Case ID: la-ann_5/html/0574-01.html
Source: Caselaw Access Project
Author: {"author": "Rost, J.", "license": "Public Domain", "url": "https://static.case.law/"}
Date Created: 2024-08-24T03:29:51.129683

D. C. Sittig v. James Morgan.
    Where a sheriff has made a seizure on two executions, and there was a prior judicial mortgage to which he applied a portion of the proceeds, the property seized not having sold for enough to satisfy the writs, the only interest the judgment debtor has is to see that the proceeds of the sale be applied to the executions. He cannot sue for the money.
    The principle that there can be no sale on aji.fa. unless the price bid exceeds the amount of prior mortgages, does not apply to judicial mortgages.
    
      APPEAL from the District Court of St.
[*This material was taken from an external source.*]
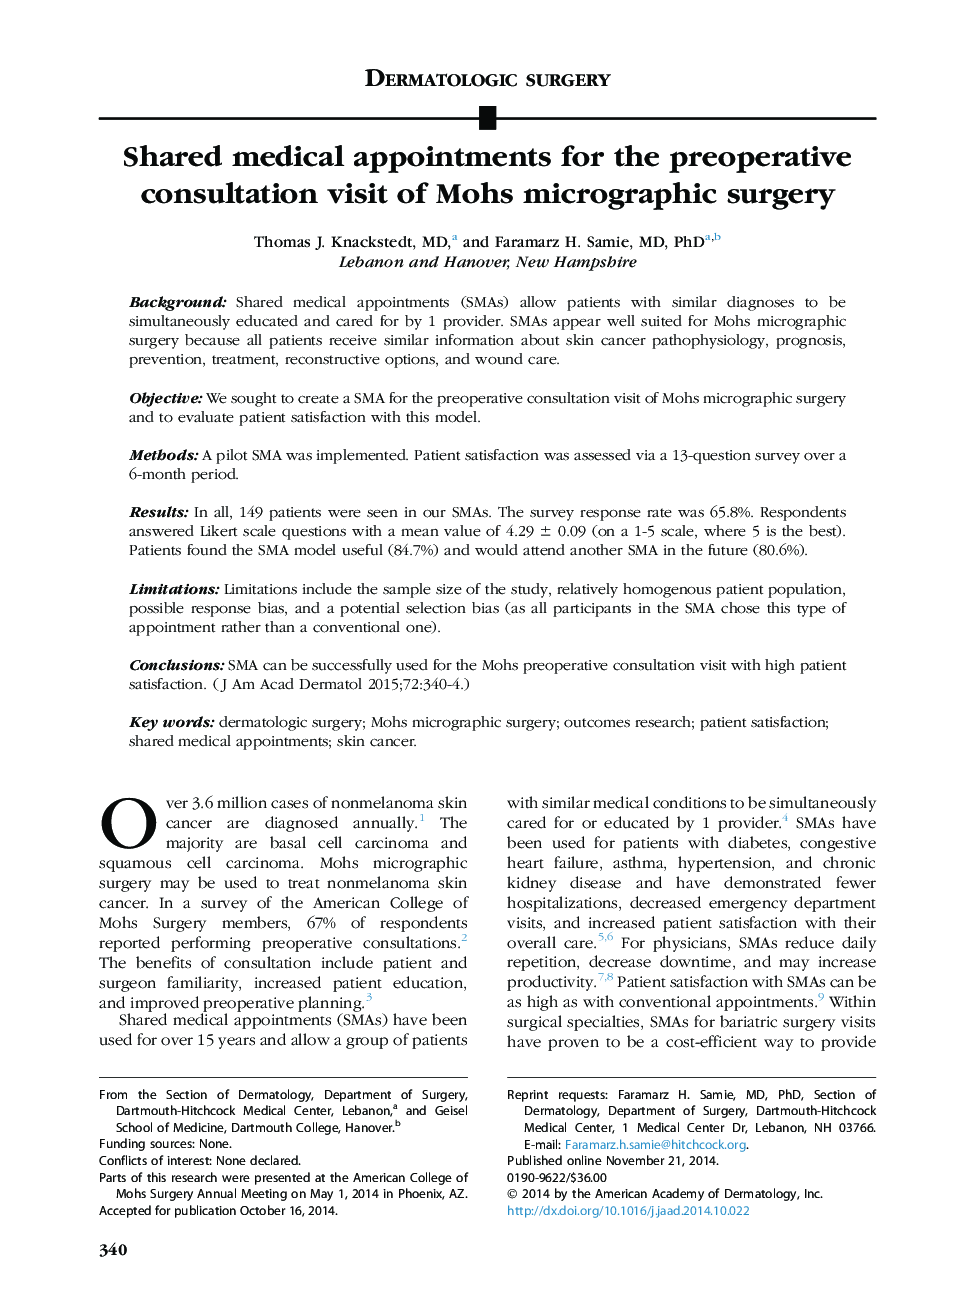 Shared medical appointments for the preoperative consultation visit of Mohs micrographic surgery

Landiy, Overton, J. This was an action brought against the sheriff for the misappropriation of the proceeds of the sale of the plaintiff’s property made on two executions. The property did not sell for enough to pay the two executions. The sheriff applied a portion of the proceeds to the payment of a prior judicial mortgage.
    
      Linton and Martel, for plaintiff. Swayze, for defendant.
   The judgment of the court was pronounced by

Rost, J.

We concur with the district judge in this case, that the plaintiff has no claim against the defendant. If it be true that the defendant had no right to apply the proceeds of the judicial sale of the two slaves seized to the oldest judicial mortgage existing upon them, and there were no privileges or conventional mortgages, those proceeds should have gone to the seizing creditors; and as they were not sufficient to satisfy the judgments under which the sale took place, the only right which the plaintiff can have is to see that they be thus appropriated; he cannot recover them himself unless he shows that those judgments have been satisfied. He alleges that the judicial sale was null because the price of adjudication was less than the amount of mortgages affecting the properly. We are of opinion that the rule does not apply to judicial mortgages; but if it did, the plaintiff has not made the purchasers parties to the suit, and has besides validated the sale by claiming the proceeds.

The judgment is affirmed, with costs.